Tuesday, January 16, 2018

Broken Lightbulbs and Onion Sandwiches




My teeth

I had a dream the other night.  It was a scary, freakish dream.  One I’ve had before, and one I know others have had.

                I was going about my life in the dream world, when suddenly my teeth shattered like a lightbulb.  There was no reason for it.  None that I could remember anyway. One moment my teeth were just fine, and the next, they were little shards of brittle glass floating in my mouth. 

                I rarely remember my dreams, and even this one, the only part I remember is about the teeth.  Broken like so many dreams, to become nightmares upon waking.

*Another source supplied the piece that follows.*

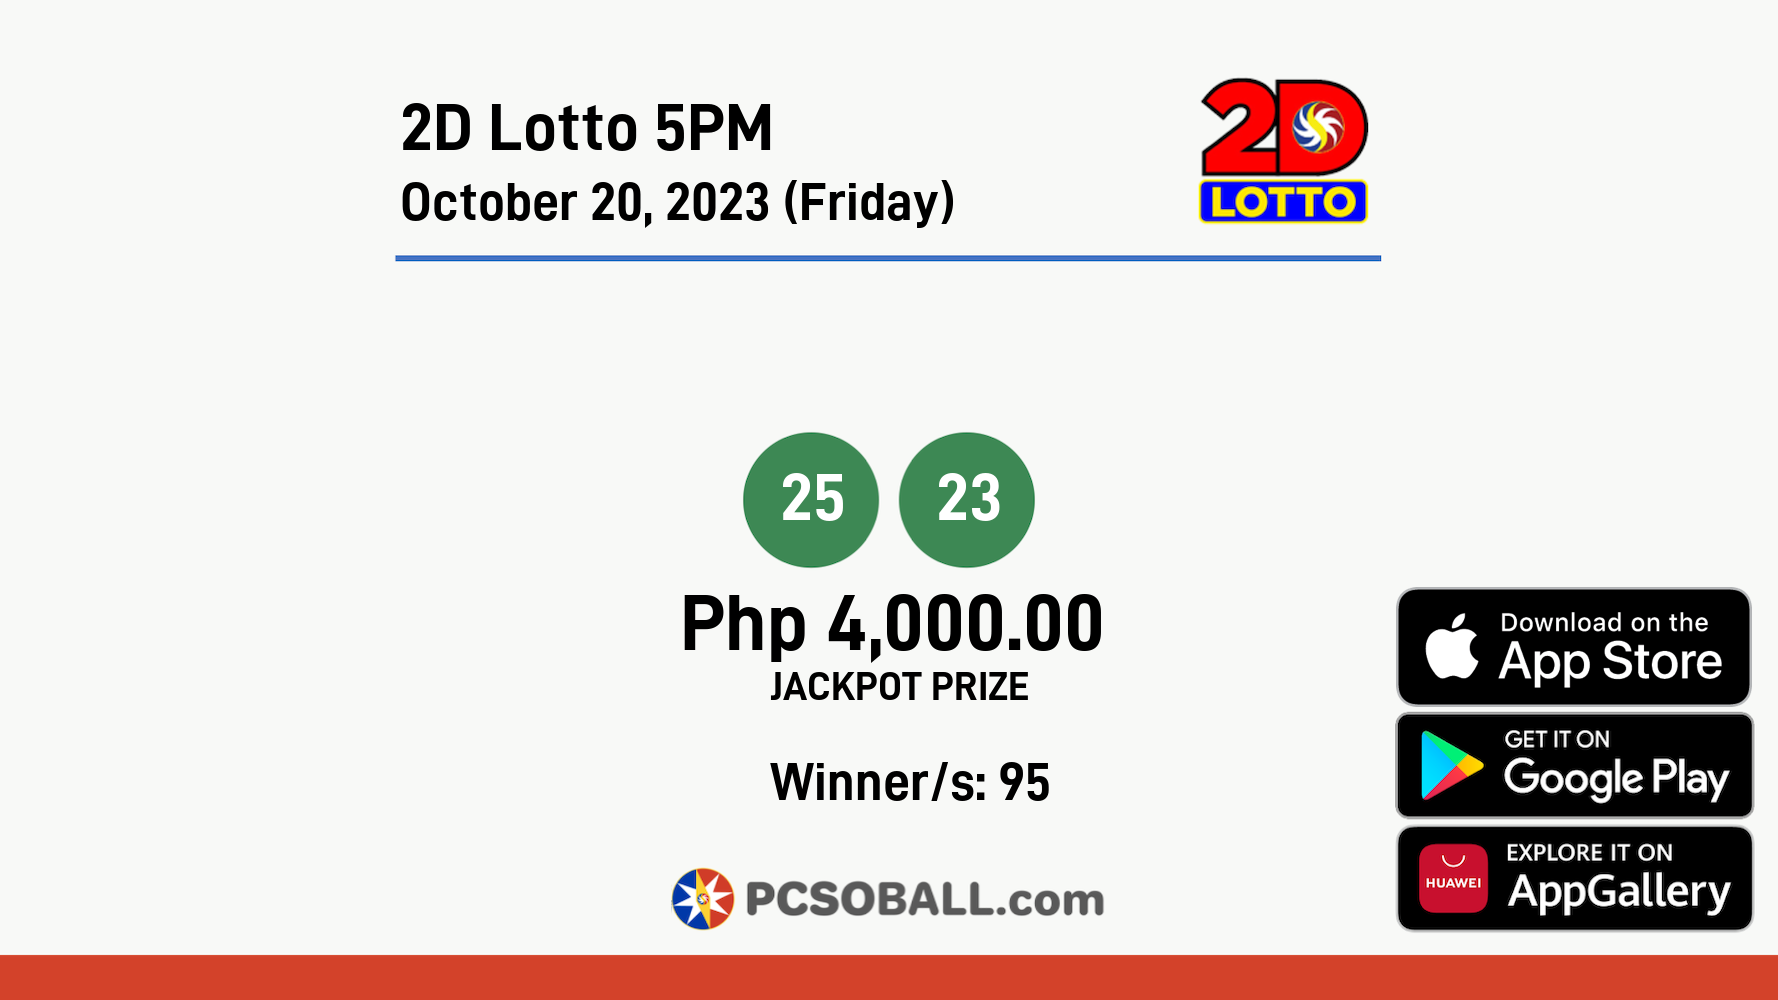 2D Lotto 5PM October 20, 2023 (Friday) Result

                I’ve heard dreaming about broken teeth means you are suffering from stress.  Depending on when you ask me, sometimes I believe dreams have meaning, and sometimes I don’t.  They’re just synapses firing off in our brain while we’re trying to sleep.  Shooting off micro worlds of thoughts and memories.  Excising gas and waste produced by our minds throughout the day.

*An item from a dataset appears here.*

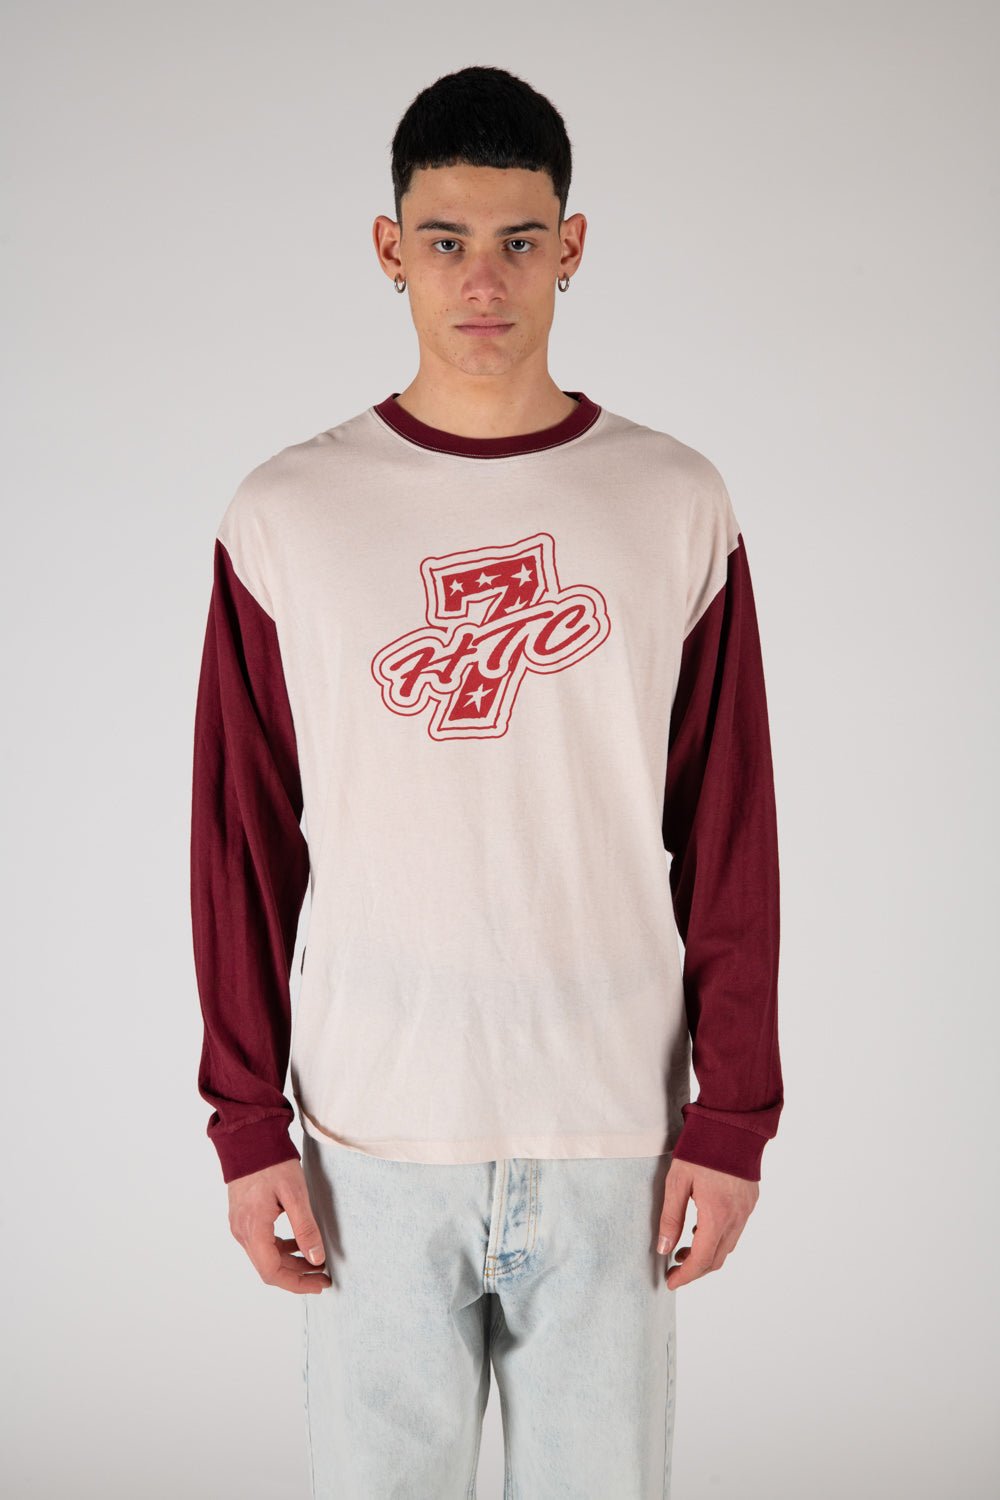 LUCKY KID - AKA7 Regular fit long sleeve t-shirt printed on the front. Composition: 100% Cotton HTC LOS ANGELES

                They have no more meaning than onion sandwiches.

This means something!

            Onion sandwiches are good.  A few slices of onion on white bread.  Maybe some mustard.  Maybe some cheese.  Whatever you happen to have.  It doesn’t sound that good, but trust me, they are.  I don’t blame you for squenching up your face at the thought of biting into an onion sandwich, and I myself never would have tried one if I hadn’t read a Hemingway story, Big Two-Hearted River (I think) where his protagonist Nick Adams has some onion sandwiches packed for his fishing trip.  If you haven’t read any Hemingway, or despise his work, as a lot of people do these days, I recommend The Nick Adam’s Stories.  It’s a collection of short stories that spans decades, all about the Nick Adams, from his boyhood growing up in rural Michigan (ex. Ten Indians) to his life after World War One (ex. Fathers and Sons).  I’m not going to get to much into it, but it’s a great work that spans Hemingway’s own literary career.  It inspired me to try an onion sandwich.

                What do onion sandwiches have to do about stress-related dreams?  I’ll tell you.

                Writing these articles have been great for me.  They allow me to write about things that I would never put into my fiction.  Maybe things I would want to, but never get around to, inserting into some story I’m working on.  The flip-side of that is that I promised myself a deadline.  I haven’t had to work with a deadline in many a moon.  That unto itself is one of the reasons for these articles.  To push myself to write when nothing else is pushing me.  To find the motivation, even when catching it is like holding your hand beneath the water spout.  In the end, I think it will make me a better writer.

                At the same time, the stress of writing something that might interest a reader, something that is non-fiction, is somewhat of a strange and foreign concept to a person who has only ever written about made up characters and places.  Even the most honest fiction, to me, comes from some ethereal place where facts are changed, and the names are replaced to protect the innocent. Throw in a few murders and calamitous adventures, and maybe, if you dig deep enough, you’ll find some truth buried in there somewhere.  But here, in this blog, I’ve given myself some reign to divulge a little about what makes me tick.  Not a lot, maybe, but some.  And as the week draws to a close, with my deadline lingering at the end, the pressure of figuring out what I’m going to say, or divulge, becomes somewhat stressful.  Not enough to make my teeth shatter like a lightbulb, I don’t think, but maybe its there in my subconscious (if you believe in such a thing).

                So, this morning, with my self-imposed deadline a day or two past due, I look on my refrigerator and see a note I left to myself.  Onion sandwiches.  

Eureka!
        I don’t know why I left that note.  I suppose I was going to incorporate it into a story but never got around to it.  Hemingway had already done it for me.  Hell, the note would never have been there if it wasn’t for Papa.  But it gave me a starting point.  Something to latch onto as I thought about my shattered teeth and my past due article.  It gave me that little extra push I needed to jump right in and start typing.

                Sometimes, you need to take a bite into an onion sandwich to see how good it is.  Despite your shattered teeth.